Material for the task »
####

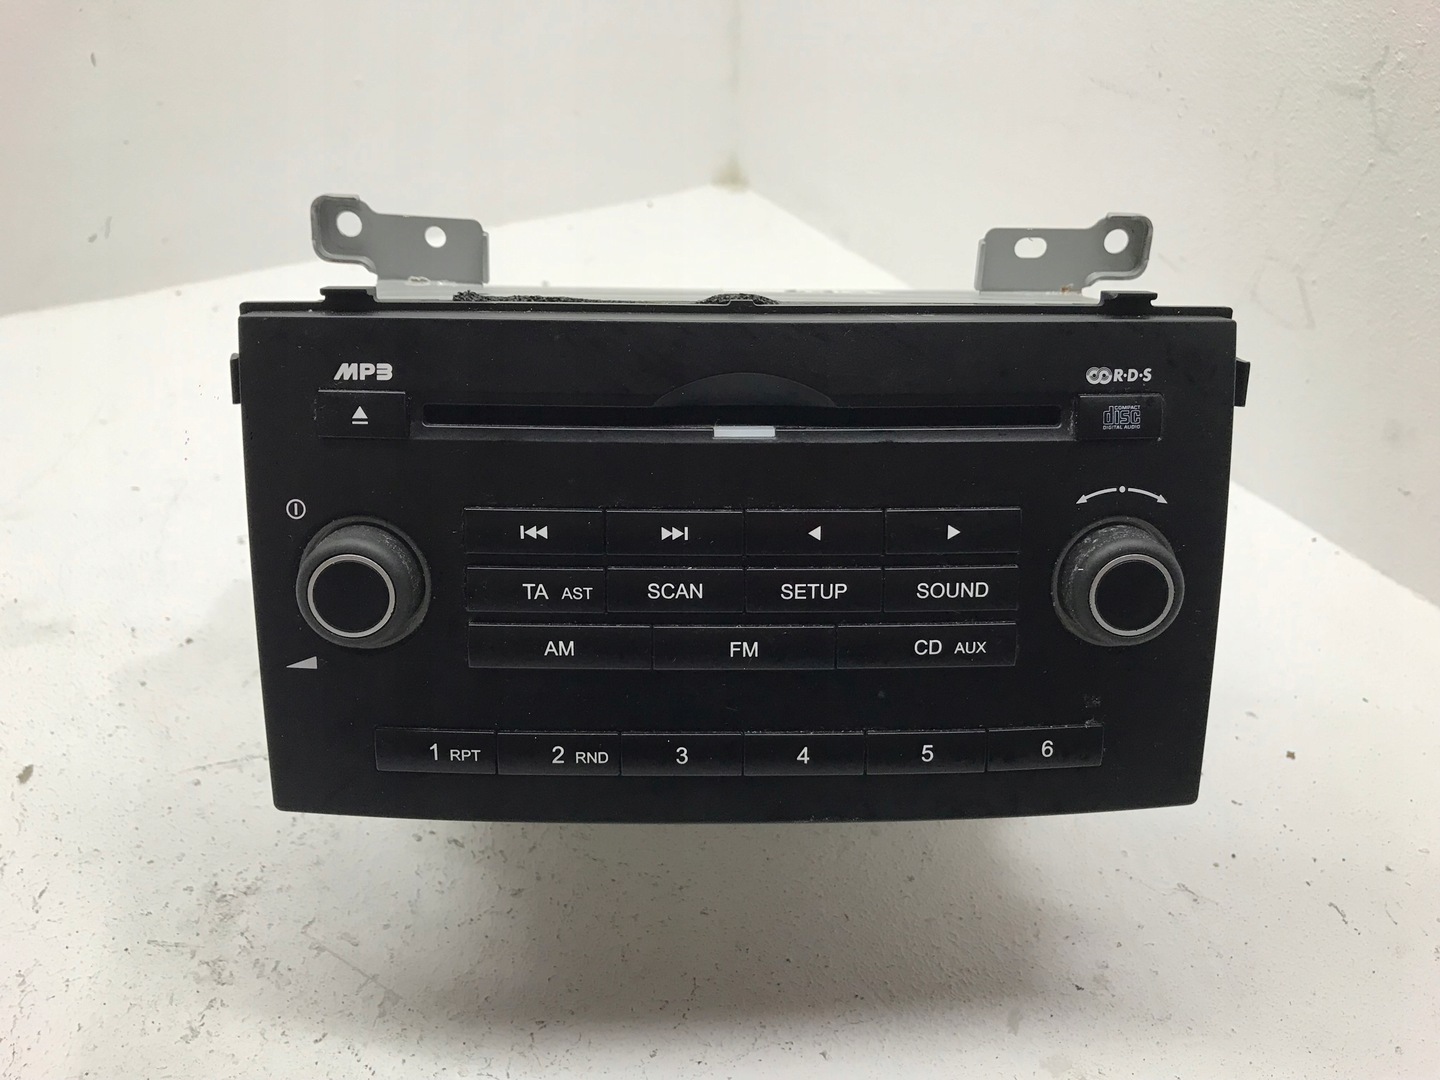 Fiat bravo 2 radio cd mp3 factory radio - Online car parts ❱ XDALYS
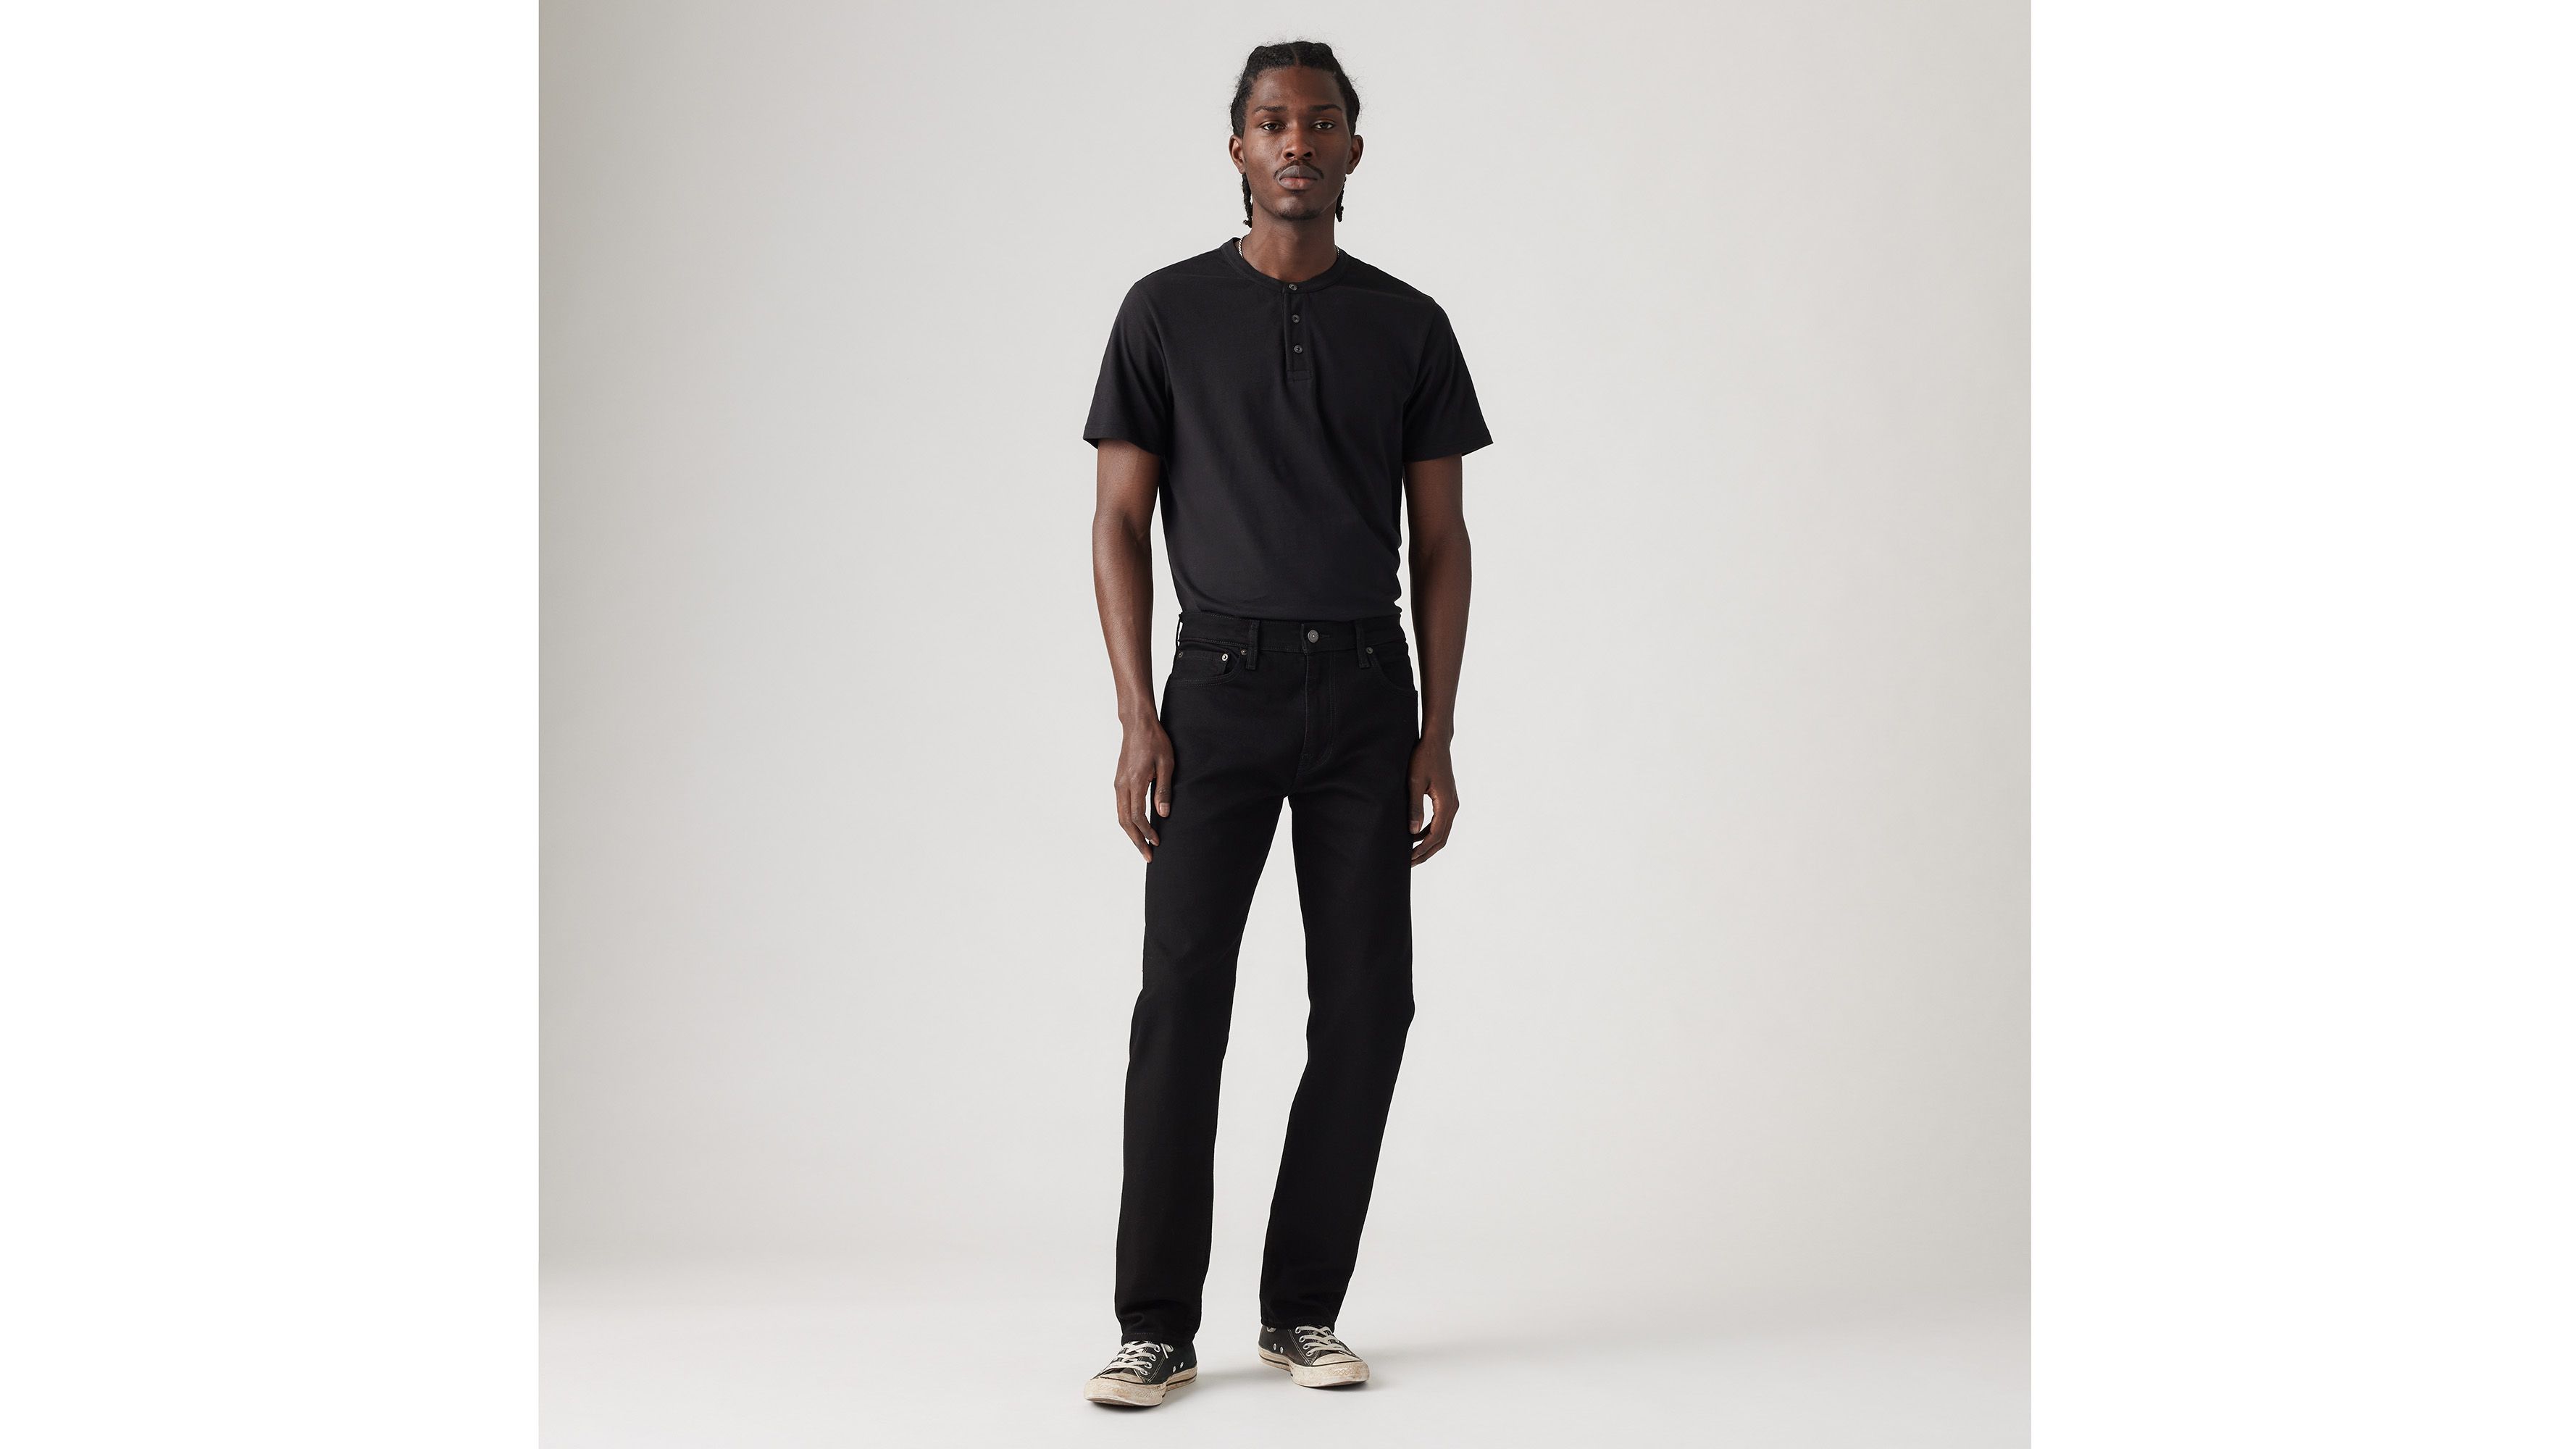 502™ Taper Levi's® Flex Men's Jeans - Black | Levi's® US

####

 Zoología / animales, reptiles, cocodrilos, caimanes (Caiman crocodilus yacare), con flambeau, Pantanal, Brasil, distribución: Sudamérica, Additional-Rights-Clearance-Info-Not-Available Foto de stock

####

Work task »
Pictures excluded, transcribe the listing above exactly from the line with "Fiat bravo 2" through the line with "502™ Taper Levi's®", and no further.

Solution for this problem »
 Fiat bravo 2 radio cd mp3 factory radio - Online car parts ❱ XDALYS
 502™ Taper Levi's® Flex Men's Jeans - Black | Levi's® US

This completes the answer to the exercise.